Today’s American labor conditions reflects more and more of yesterday’s American management habits. At this rate Generation X’s Upton Sinclair will have a surfeit of material for an updated version of The Jungle. Same goes for its Chaplin, who’ll film his or her Modern Times on digital.
When I toiled at an honest job, earning fair wages and other just recompense, I absolutely appreciated my situation. My nest was better than sufficiently feathered. It was comfortable.
Again, long ago, if labor organizers hadn’t agitated the rank and file, broken their arches on picket lines, gotten their heads busted during “actions,” and resorted to courts in seeking redress, no way myself and tens of millions of others could’ve created then expanded a thriving middle class. You know. The protections being lionized by the same business whizzes trying to eviscerate it.

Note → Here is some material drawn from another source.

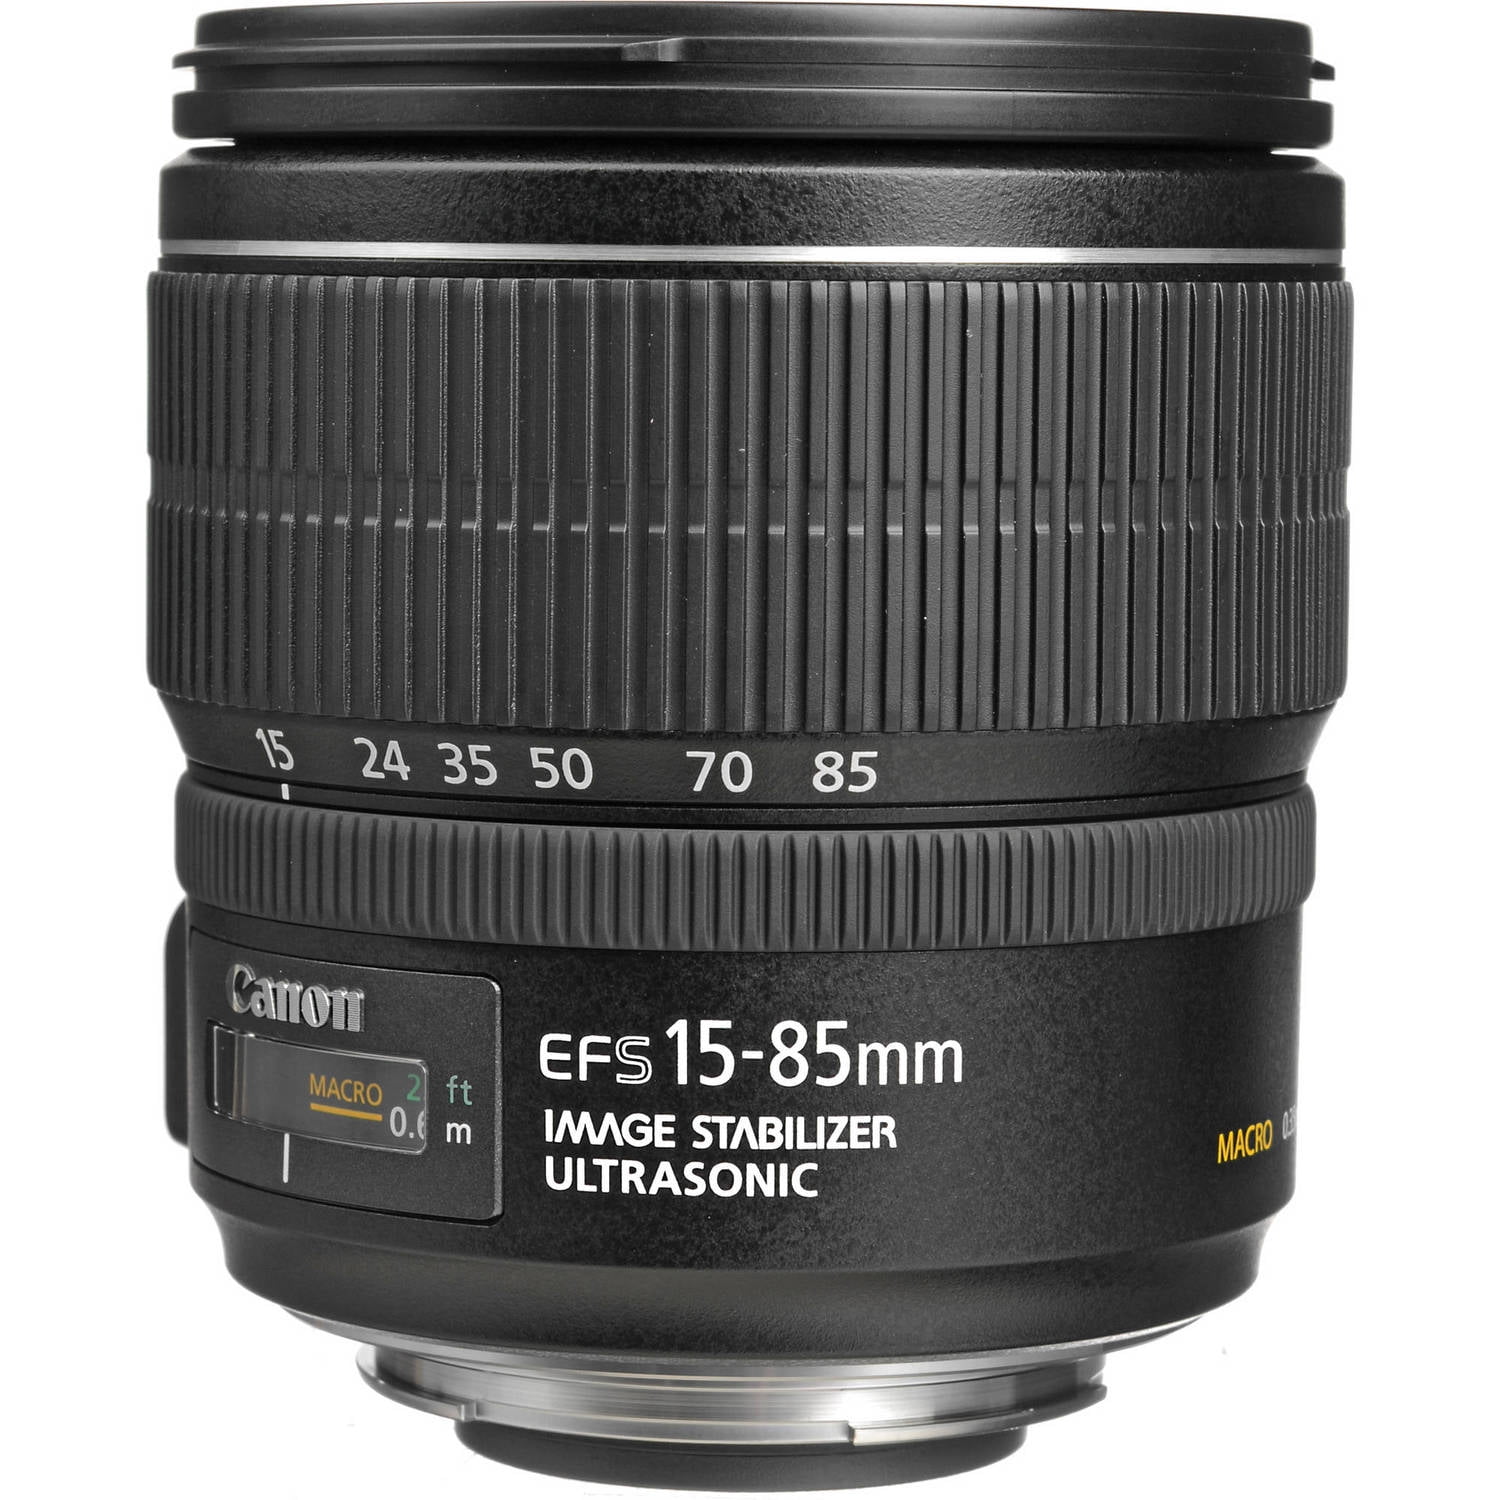 Canon EF-S (15-85mm) f/3.5-5.6 IS USM Lens
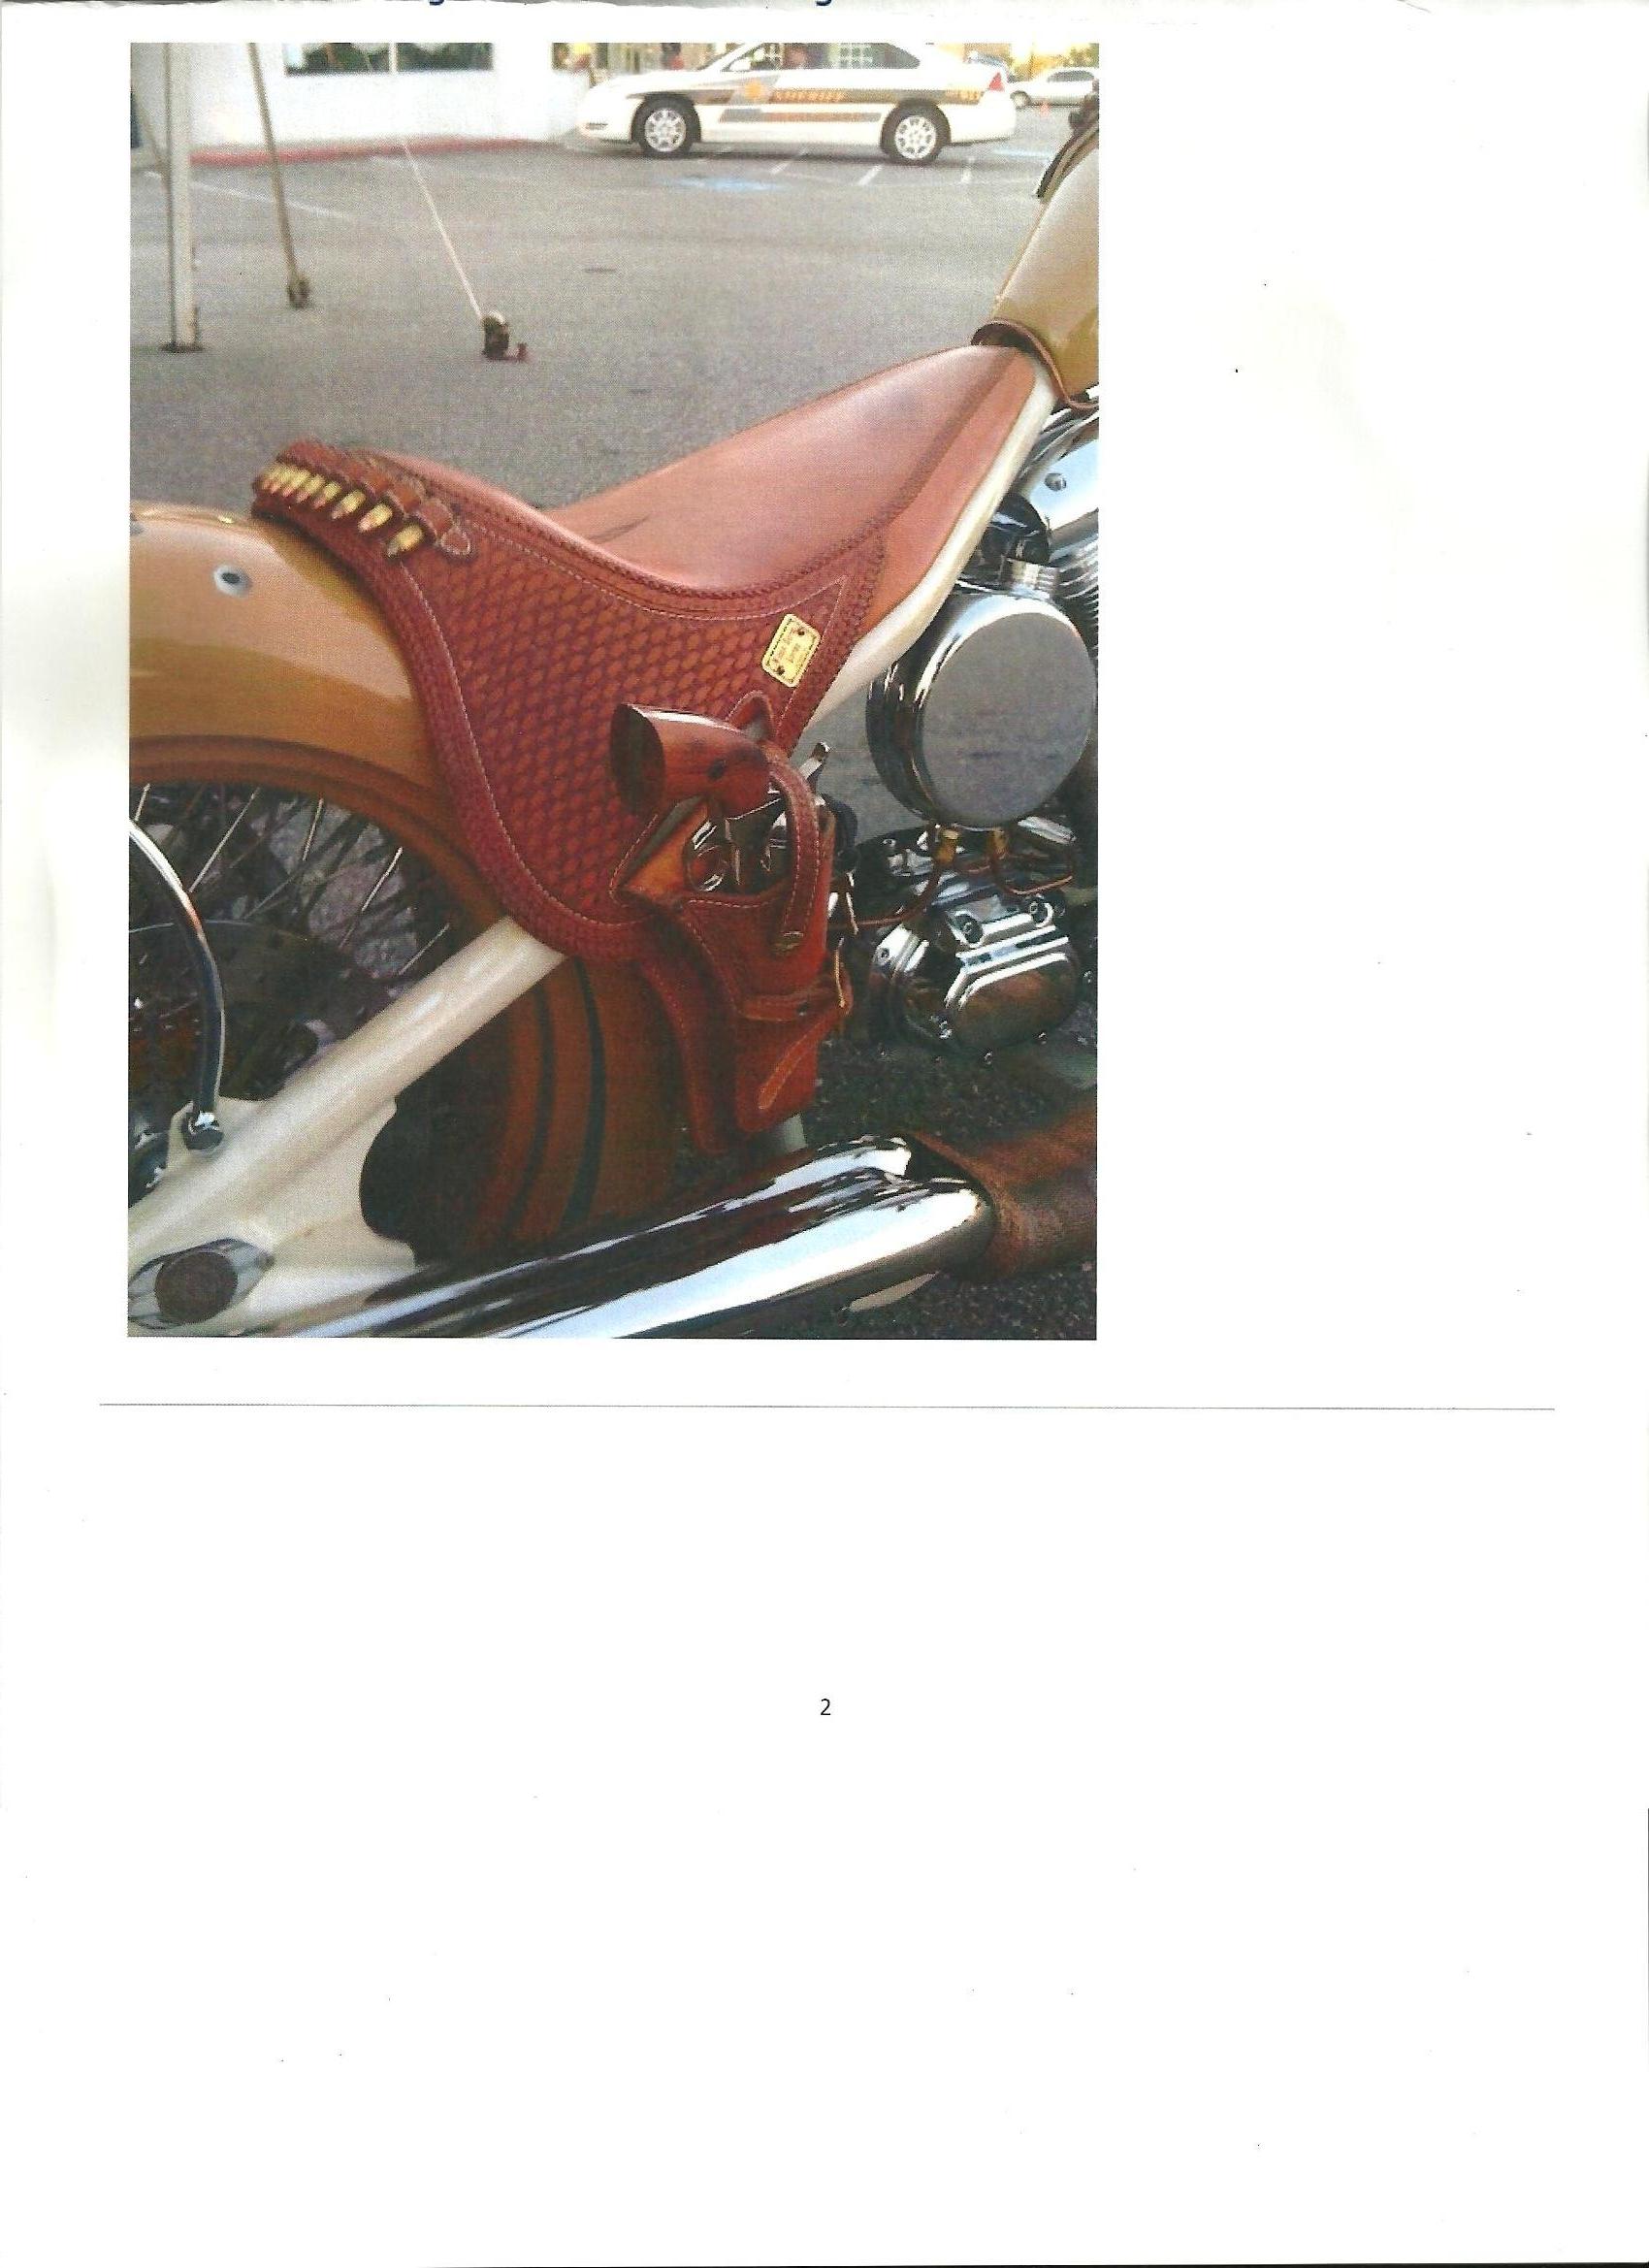 Harley seat

Without such recourse, the thin top level would’ve already hoarded more of the cream than they have already. That’s no lie. Nor exaggeration.
In my previous professions I’ve been blessed to observe the privileged. Especially the privileged who’ve believe they’ve hit a homer but in reality were born on third and scored on a balk. Most of us have hard enough times getting to first, much less stealing second and third.
The underentitled/overgrasping children of my numbskull former employer believed they rated elect membership. At least both girls espoused that misguided belief for the longest. Joining the supercilious and vaporous seemed a no-brainer for the brain dead. Like everything else requiring purpose and dedication, those lazy dopes missed the cut. Abjectly.
Through no effort of my own I work on the periphery of where they hoped to rise and lounge. Probably because those kind of rarefied personages always failed impressing me. Now if I’d been a suck-up parasite …
Perhaps this new proximity will churn fodder for future posts. Those poor people. At the slightest provocation that’ll be me outside the tent pissing in. If so, results will stain this spot.